A mother is 4.6 percent more likely to give birth in the same month she was born, and adjacent siblings are 12.1 percent more likely to be born in the same month as one another.
An AI that was fed the employment and health data of six million Danes turned out to be more accurate than existing sociological methods at predicting if a given person was about to die.
The U.S. municipal bond market penalizes communities in proportion to the percentage of their population that is black but generally ignores their vulnerability to climate change.
Somalis, surveyed as proxies for earlier inhabitants of the Cradle of Humankind, were found to fear spiders less than scorpions but snakes to the expected degree.
The collapse of the Qing Dynasty was driven by the quadrupling of its population and consequent rural impoverishment, an overabundance of qualified applicants for elite academic degrees, rising costs and trade deficits, and falling productivity, which were variously associated with internal unrest, opium imports, and the depletion of silver reserves.

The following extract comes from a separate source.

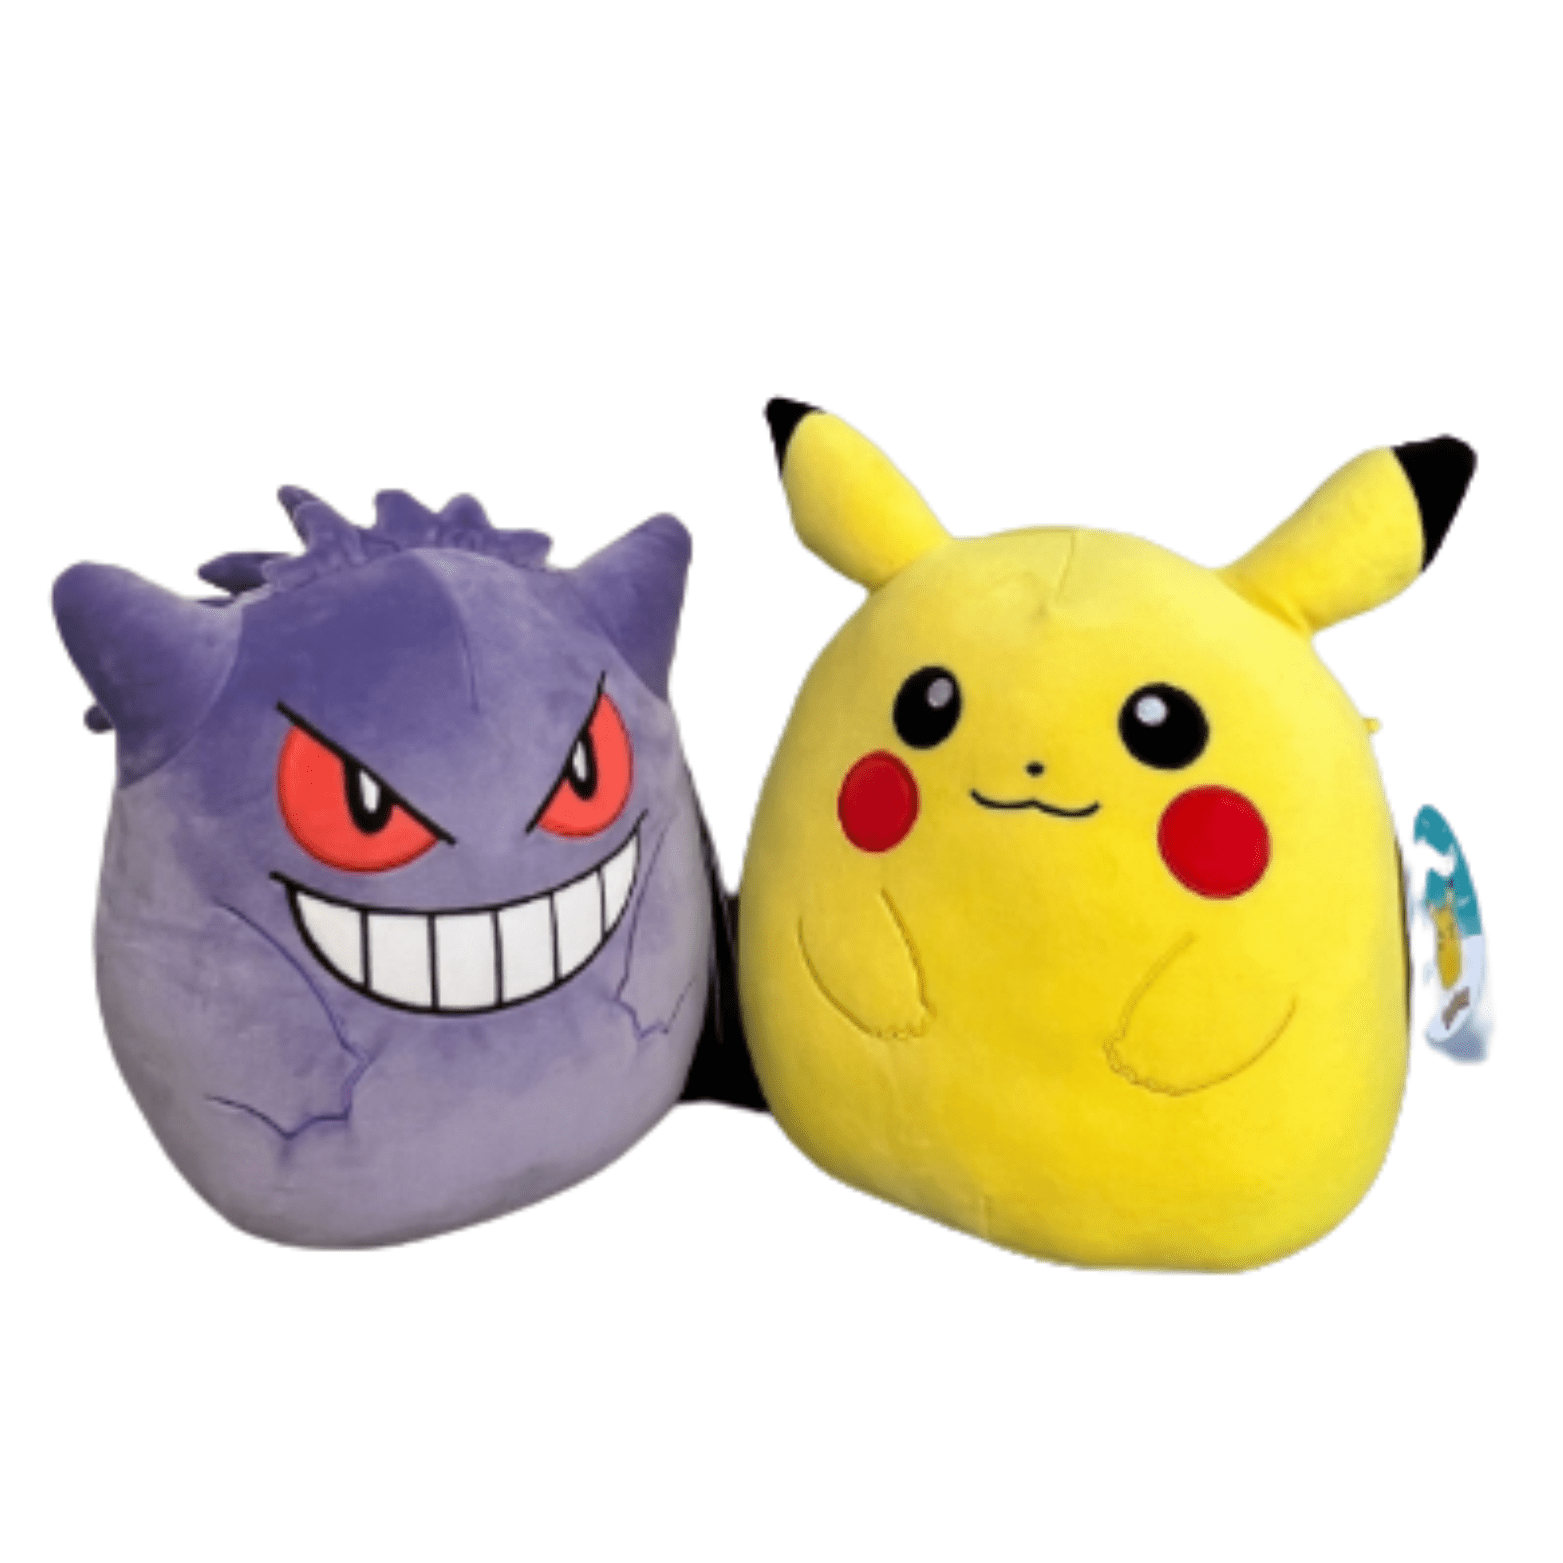 Pokémon Squishmallows are now back in stock!

Geoscientists were confident that, given access to the oldest barnacles on the flaperon of Malaysia Airlines Flight 370, they could help pinpoint its crash site.
Scientists were not certain whether the globally synchronized waves observed in the brains of wakeful rats on ketamine or LSD were a cause or a symptom of hallucinations.
Men can rate the facial attractiveness of women without paying attention, but women cannot do the same for men; gay men find the faces of purportedly fertile women and men more attractive; adolescents and adults both rate the faces of children younger than 4.6 years old as more appealing than those of older children; and body odors associated with fear quicken the visual processing of others’ facial expressions of fear.
Psychopaths recommend harsher punishments for homicides, whether accidental or motivated by profit, but exhibit relatively low concern about killing in general.
A psycholinguistic analysis of posts on Twitter and Weibo during COVID-19 lockdowns found that residents of Lombardy grew increasingly focused on leisure and residents of Wuhan grew increasingly focused on religion.
Gerontologists cautioned that it would be difficult to predict individual Holocaust survivors’ trauma or resilience in response to the pandemic, which was expected to strengthen the market for laboratory mouse-suffocation chambers.
Climate change was expected to drive American lobsters to seek deeper waters, beavers to colonize new parts of Canada, and wolf spiders in the high Arctic to produce a second annual brood.
Satellite imagery captured ecosystem damage from fog loss, and aerial photography confirmed the existence of Roman military camps revealed by the 2018 Welsh drought.
Women who receive continuous rather than interrupted sutures for perineal repair after vaginal delivery report higher sexual levels of arousal and orgasmic function.
Rising population density, poor hygiene, and cold, moist weather led to a spike in ear infections in the Levant around 4000 bc, and postwar atmospheric nuclear testing led to increased cloud thickness and rainfall in the Shetland Islands.
Ostrich-shell beads indicating the onset of the Initial Upper Paleolithic were found to have reached Shuidonggou by 39000 bc, and strontium isotope levels revealed the social exchange of ostrich-shell beads during the Late Quaternary in the Karoo Supergroup.
Interviews with reptile poachers in southwestern Balochistan indicated that the Caspian cobra, the desert monitor, the Iranian mastigure, Maynard’s longnose sand snake, the Persian spider gecko, and the Tartar sand boa were being captured for use by snake charmers.
Inland waters are emitting previously unaccounted-for levels of carbon dioxide, and freshwater insects are flourishing even as terrestrial insects are dying off.
Terrestrial bacteria can grow on extraterrestrial nutrients; the black hole nearest Earth was discovered in the constellation Telescopium; and X-ray experiments conducted at the European Synchrotron indicated that moisture is destroying The Scream.